# TiVo iPad app: zoom vs 16:9 aspect ratio



## Philosofy (Feb 21, 2000)

I just noticed that my shows are all zoomed to full screen, cutting off sections. There used to be a toggle button, but I can't find it. Any suggestions?


----------



## peaston (Feb 13, 2005)

on my ipad pro i just double tap the video as its playing to change into and out of zoom mode


----------



## kd1949 (Nov 27, 2005)

Thanks! This has been a problem for me, too. Sheesh!


----------



## deac33 (Sep 28, 2013)

Sorry for changing the subject, but you all seem to have had success streaming and downloading recordings on your iPad. My iPhone works great but my iPad mini 2 and 4 connect, show My Shows correctly but when I try to download it disconnects.

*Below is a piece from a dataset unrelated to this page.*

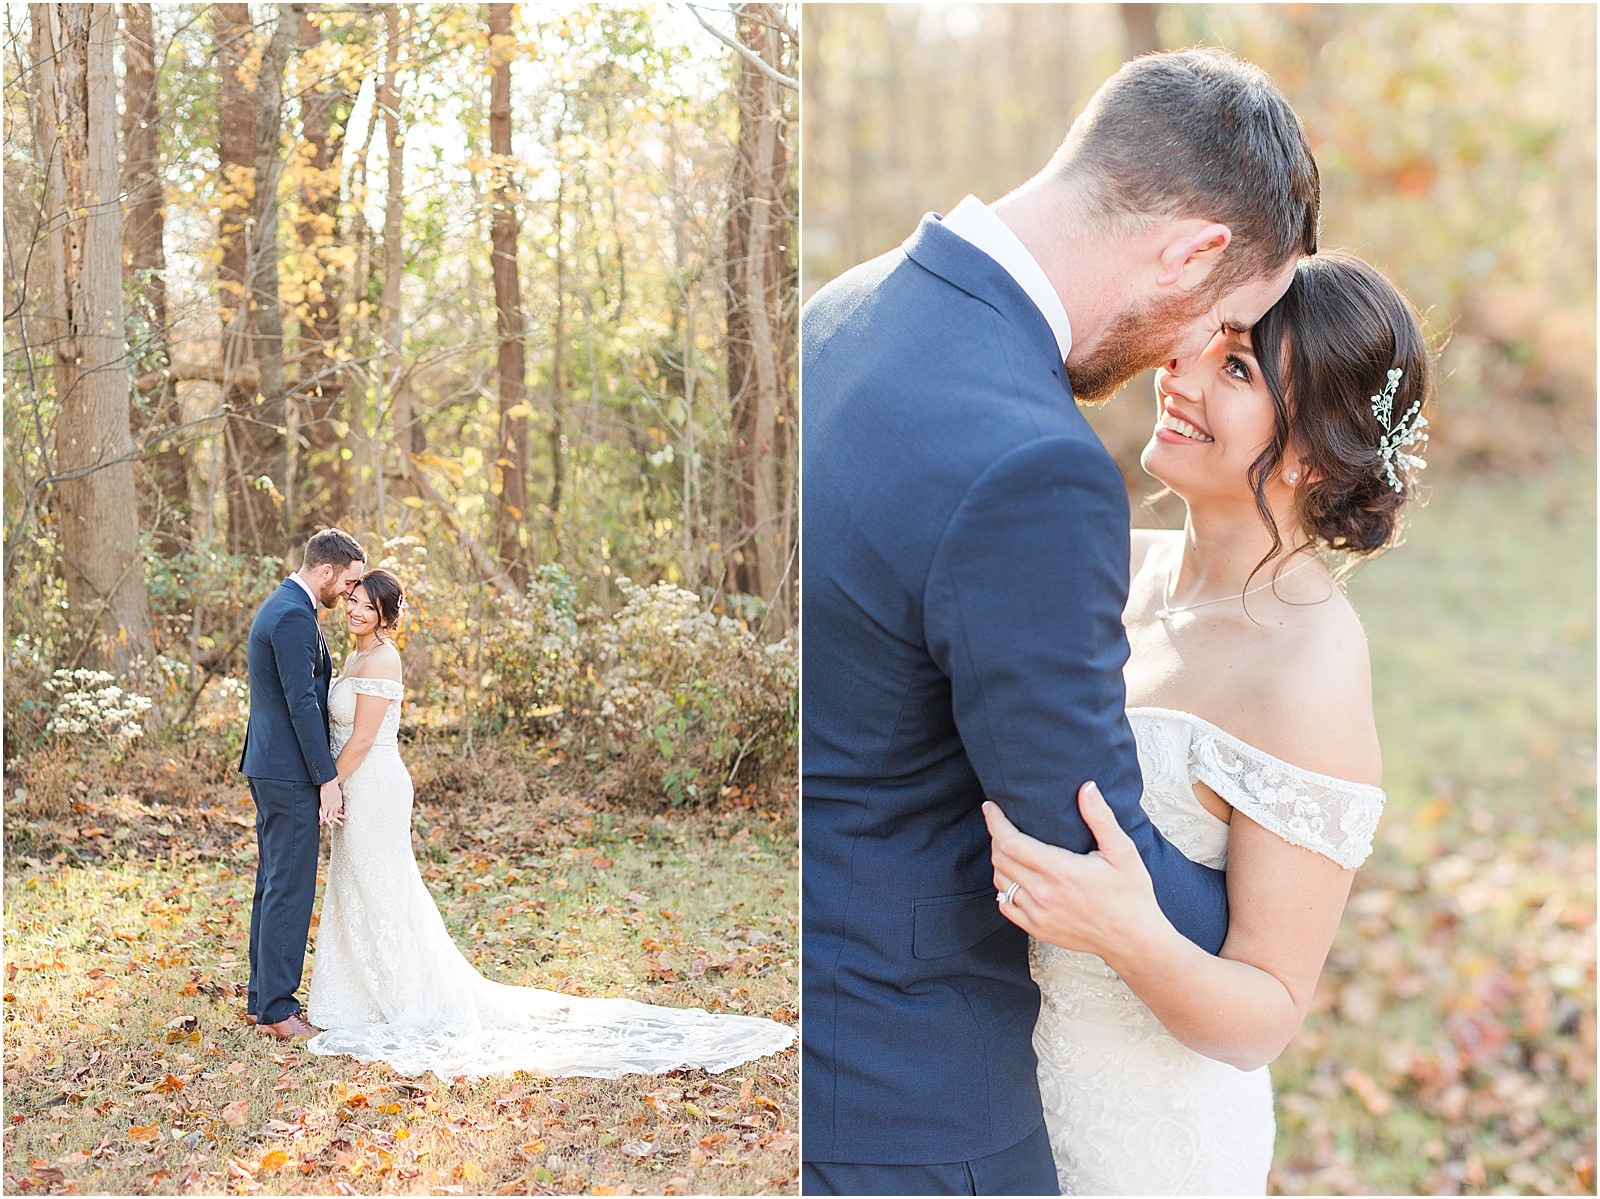 Walker and Alyssa's intimate fall wedding in Southern Indiana. | Wedding Photography | The Corner House Wedding | Southern Indiana Wedding | #fallwedding #intimatewedding | 033.jpg

Have you had that problem to the point of being unable to download recordings? Thanks for any suggestions you may have. 
(I gave more details on my thread at TIVO app on iPad fails to connect or loses connection. )

Thanks for any help,
-deac


----------



## Phil T (Oct 29, 2003)

peaston said:


> on my ipad pro i just double tap the video as its playing to change into and out of zoom mode


I know this is an old thread but the tip above worked on my wife's iPhone. She has been watching baseball and the graphics and score were always cut off. I just did the double tap and now all is well!


----------